Noice reduction by artist reduction.

If the artist is more than just an analytic machinery chewing through given themes, then does theme really matter?

Excerpt from travel grant application, 2004:

“Right now I am working with the theme of how to handle ones fears. The fear of the evil, and the uncontrollably evil. Many of my works and exhibitions breathe a hint of “super niceness”. My graduation work at Valand Art Academy was sort of a “central station for niceness”, but could also be viewed as a “human trap”. I have also produced works that includes a survival backpack, as well as plants as life carriers.

“In my work, H.P Lovecraft has become a returning object of study. Since I was studying literature before I studied art, I always felt is was very natural to use fiction as a resource. In my theories regarding fear it has struck me how much the concept of fear has changed in the US and Europe. During the cold war the fear of the nuclear bomb was a type of fear that we handled collectively. In recent years, there has surfaced yet another war-related fear, a private one this time, -the fear of terror. Terror strikes when we least expect it, in our homes, at our workplace or at the theater. In other words, fear has become a much more private business, as opposed to a collective one such as the fear of the nuclear bomb. I see parallels between the fear of terror and early H.P Lovecraft stories.”

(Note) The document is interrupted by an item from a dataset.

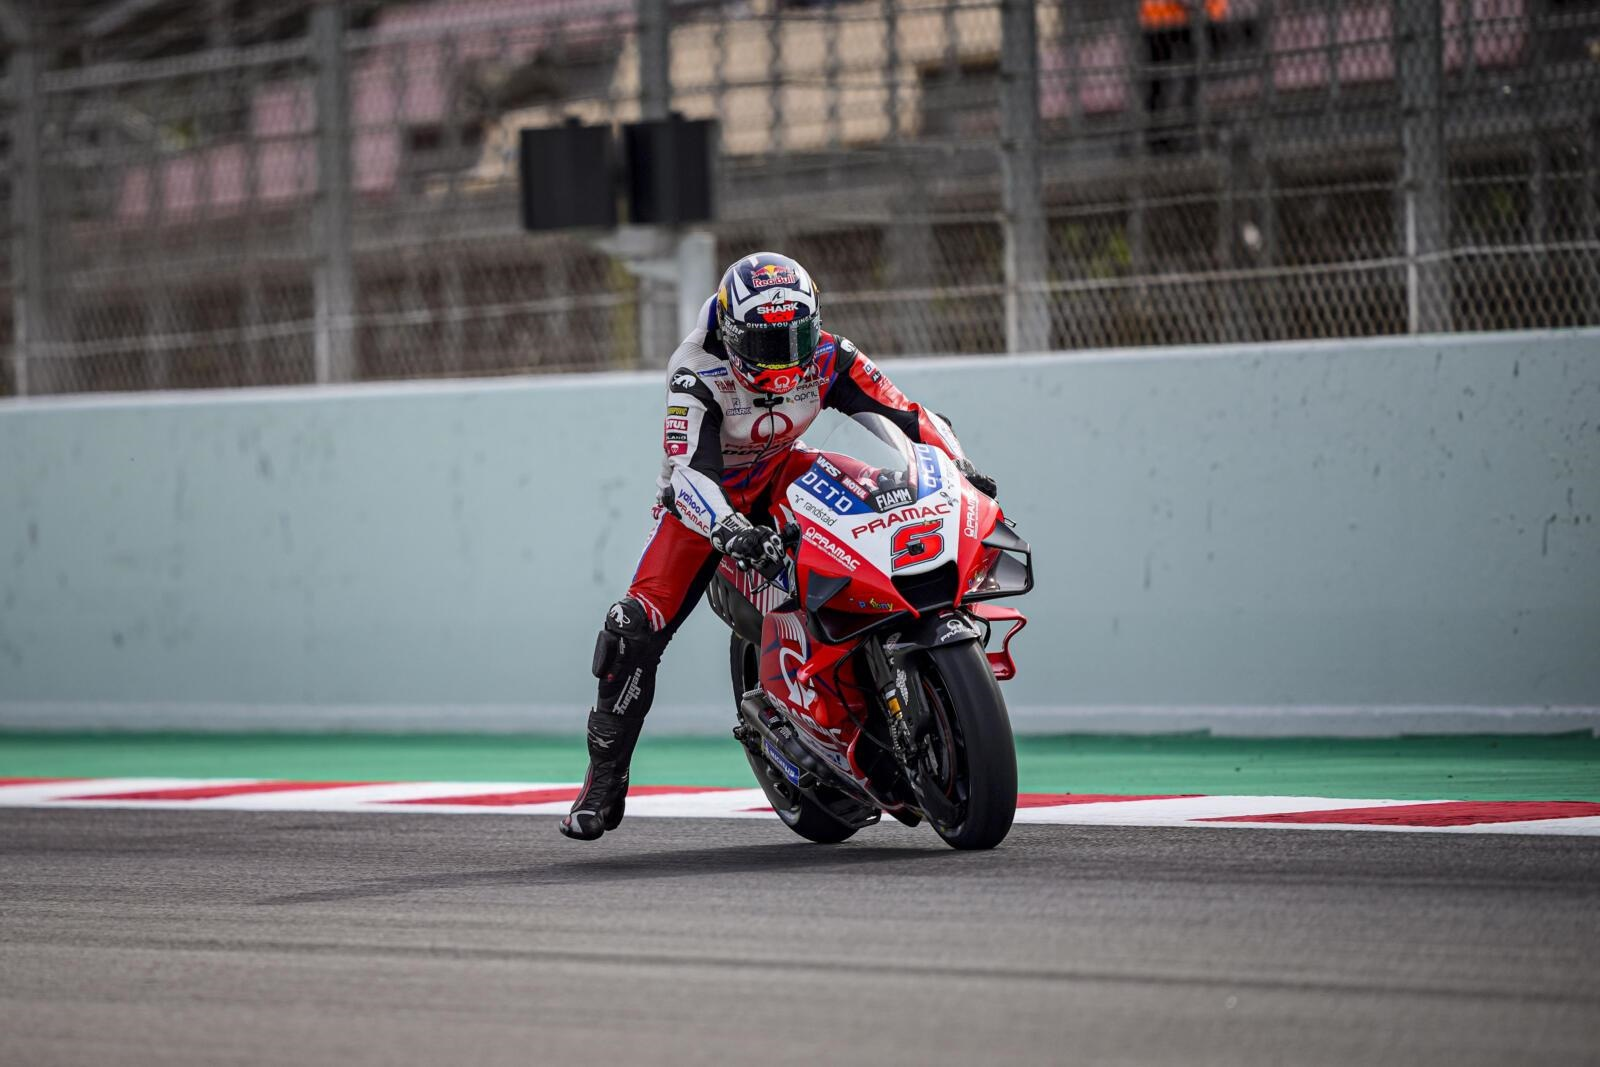 Johann Zarco Pramac Ducati MotoGP Catalunya day 1 update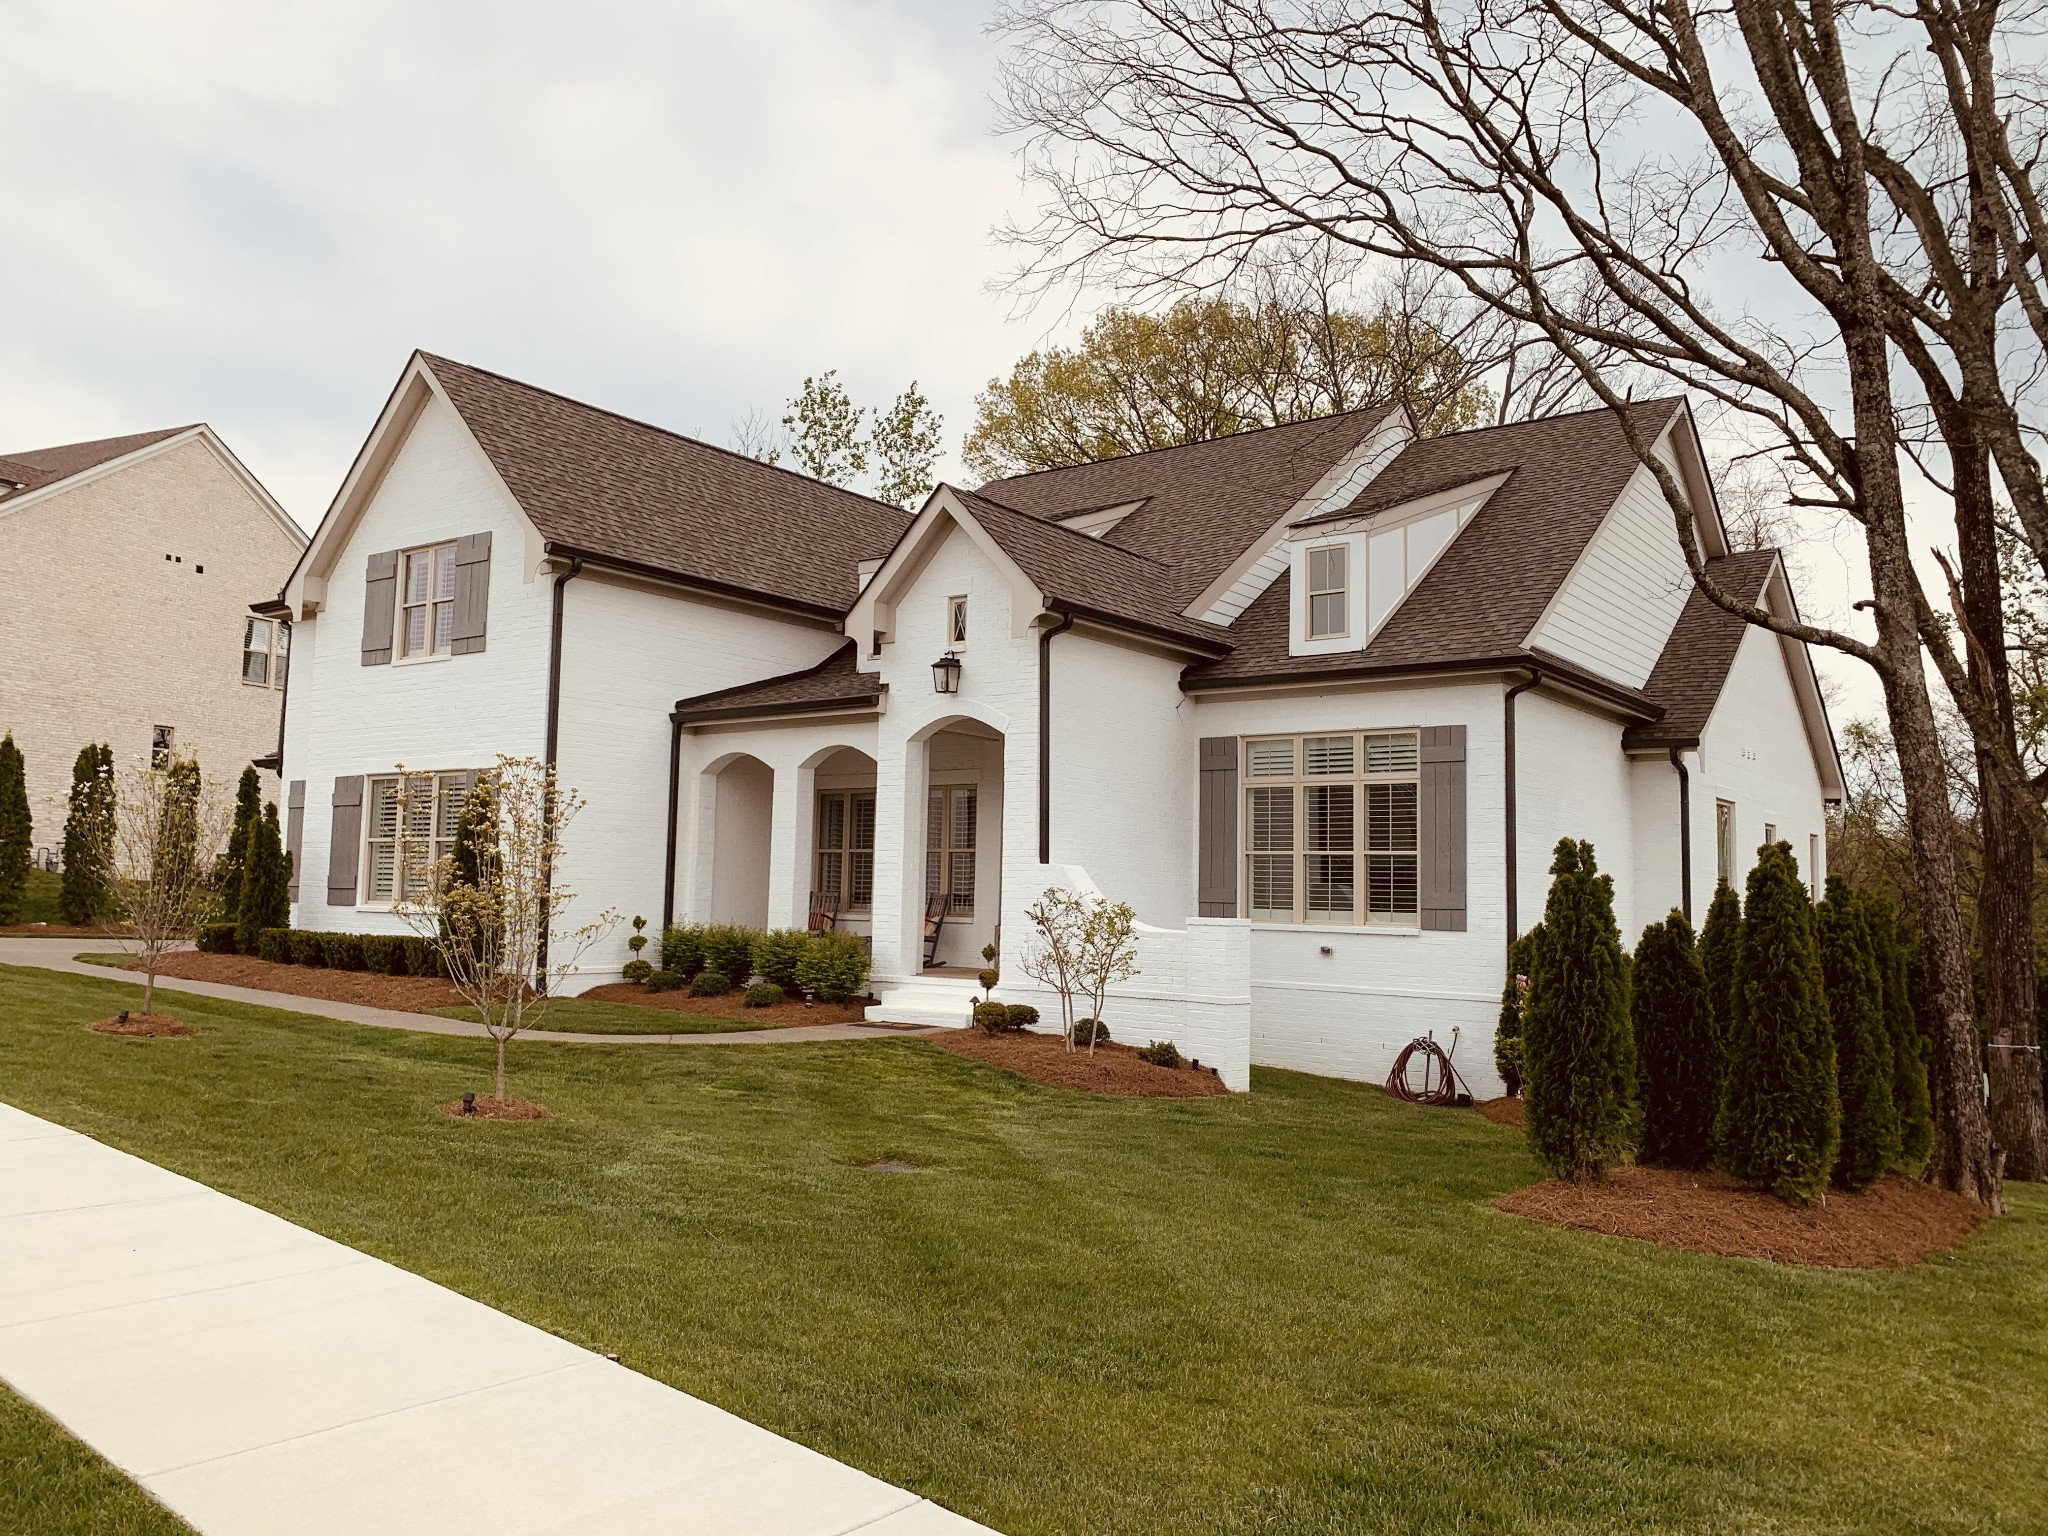 4637 Majestic Meadows Dr Property Photo - Arrington, TN real estate listing

“This trip would therefore become a connection between early twentieth century gothic aesthetics and today’s contemporary art, through the literature of H P Lovecraft. In what ways has gothic, romantic literature (and art) influenced our times on an artistic, private and general level?"

Theme: Fear and terror.

"The artist is who questions it all”

The artist has the task of putting together a variety of statements and phenomena, but outside and beyond the demand for truth or reality. The artist profession is the profession that invents possibilities and visions of what “could be”. The artist becomes the gatherer. The artist becomes the theme-worker.